First, we determine whether the conduct in question would not have resulted in the same punishment in the District of Columbia as it did in the disciplining jurisdiction. Second, if the discipline imposed here would be different from that of the disciplining court, we must decide whether the difference between the two is substantial.

In re Salo, 48 A.3d 174, 178 (D.C.2012).

Here, respondent fails to meet the first part of the inquiry, as she does not demonstrate that her misconduct would result in a different sanction in this jurisdiction. Respondent attempts to analogize her case to In re Cohen, 847 A.2d 1162 (D.C.2004), and In re Carter, 887 A.2d 1 (D.C.2005), where attorneys were suspended no more than 180 days as a result of their failure to supervise employees, which resulted in various types of misconduct, including embezzlement of client funds. Respondent's conduct, however, is not analogous to the two cases respondent presents.

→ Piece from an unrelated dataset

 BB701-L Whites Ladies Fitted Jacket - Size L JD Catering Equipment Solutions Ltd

In both cases, the court attributed the misconduct to a simple failure to supervise, whereas here, the misconduct cannot credibly be attributed to a single rogue employee and passive failure to supervise. See In re Cohen, 847 A.2d at 1167; In re Carter, 887 A.2d at 16, 17. In two matters where respondent was the attorney of record, she filed bankruptcy petitions without client consent, and in other cases false credit counseling certificates were filed without verifying whether the client had actually received the required counseling. Additionally, respondent did not delegate her authority to a single employee, but rather exposed all her clients to risk by giving her login and password information to her entire staff, without any monitoring system in place. Finally, respondent did not heed warnings of problems in her firm's practice. Despite prior discipline for identical conduct, respondent did not conduct any internal investigation or take any corrective action.

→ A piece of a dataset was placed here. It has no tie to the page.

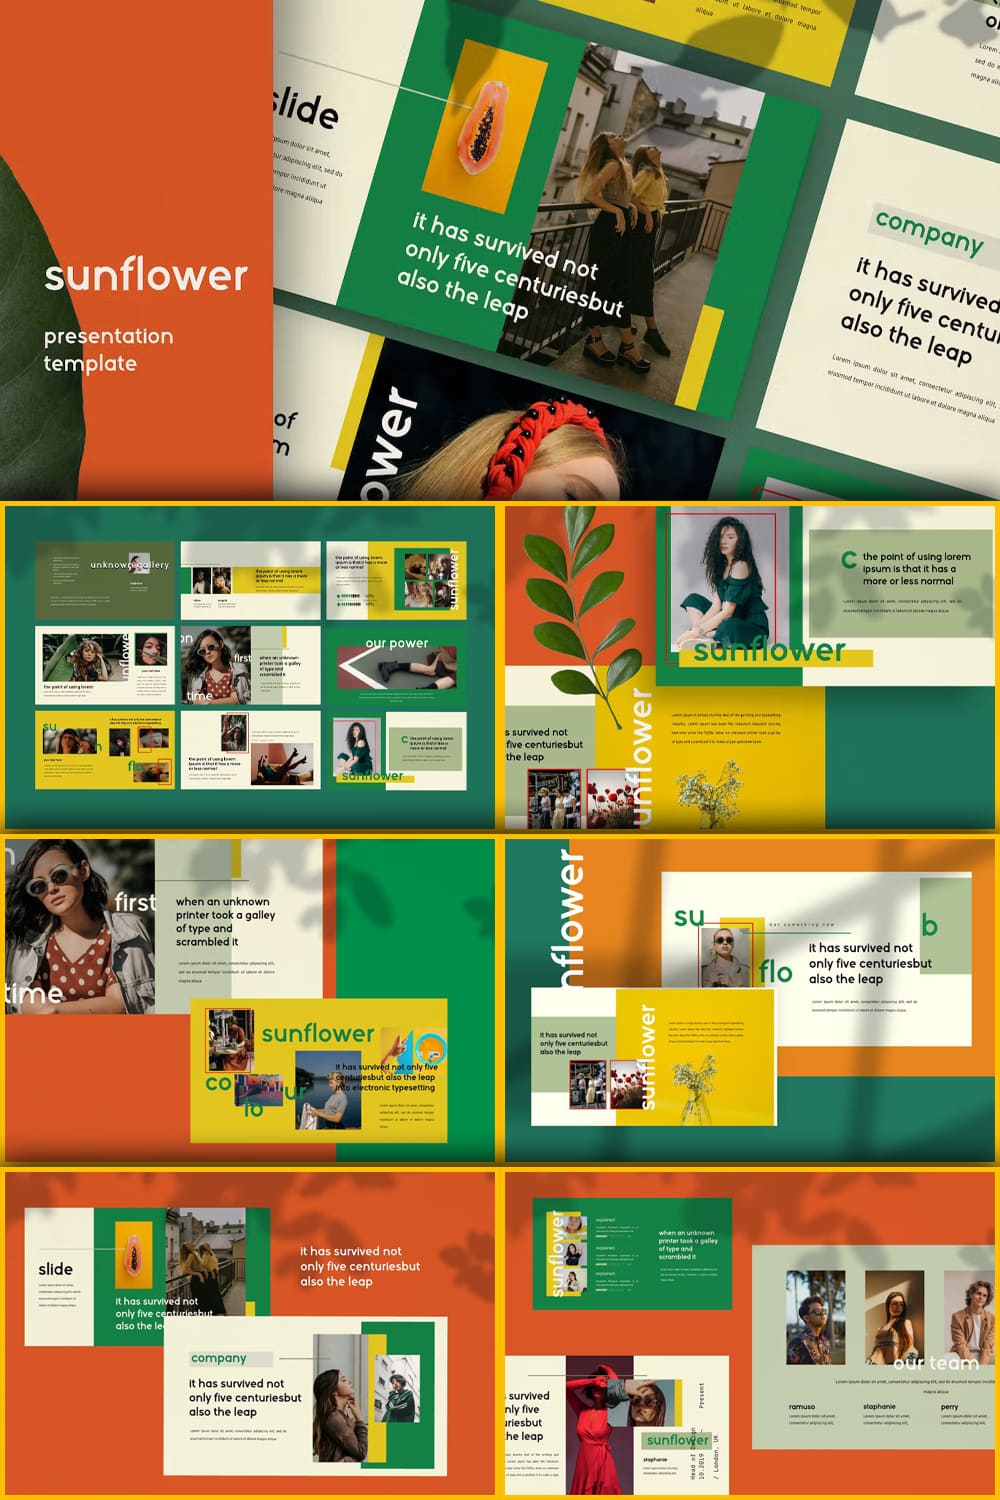 Sunflowers powerpoint creative business company - pinterest image preview.

Respondent, therefore, has failed to show her misconduct would not have resulted in this same sanction in this jurisdiction. Additionally, a fitness requirement is particularly important in this matter because all three courts that disciplined respondent were concerned about her ability to practice law and respondent has not yet filed a formal answer with the Committee on Grievances of the United States District Court for the District of Columbia. Given respondent's grave misconduct, her two one-year suspensions in the United States Bankruptcy Court for the Eastern District of Virginia and the United States District Court for the District of Maryland, and noting also the reciprocal discipline imposed by the United States District Court for the District of Columbia, we now impose a suspension of two years.

Accordingly, it is ORDERED that respondent shall be, and hereby is, suspended from the practice of law in the District of Columbia for two years, with reinstatement conditioned upon a showing of fitness. This suspension will be effective as of the date respondent files an affidavit in compliance with D.C. Bar R. XI, § 14(g).

So ordered.

FOOTNOTES

1.  In addition to paying sanctions and restitution costs, totaling over $34,000, respondent must take ethics and professionalism courses, file monthly reports of her activities with the courts, engage the services of a mentor to supervise her practice, and apply for readmission to practice law before the United States District Court for the District of Maryland, and the United States District Court for the District of Columbia.

2.  The letter that respondent provides from her supervising mentor appears to be based solely on information provided by respondent, rather than based on independent investigation of the underlying misconduct. Importantly, the letter is only a preliminary assessment of respondent's practice, as the letter closes by stating, “I think it would be a good idea for us to confer quarterly and meet in your office at least annually until we are each comfortable with terminating my involvement.”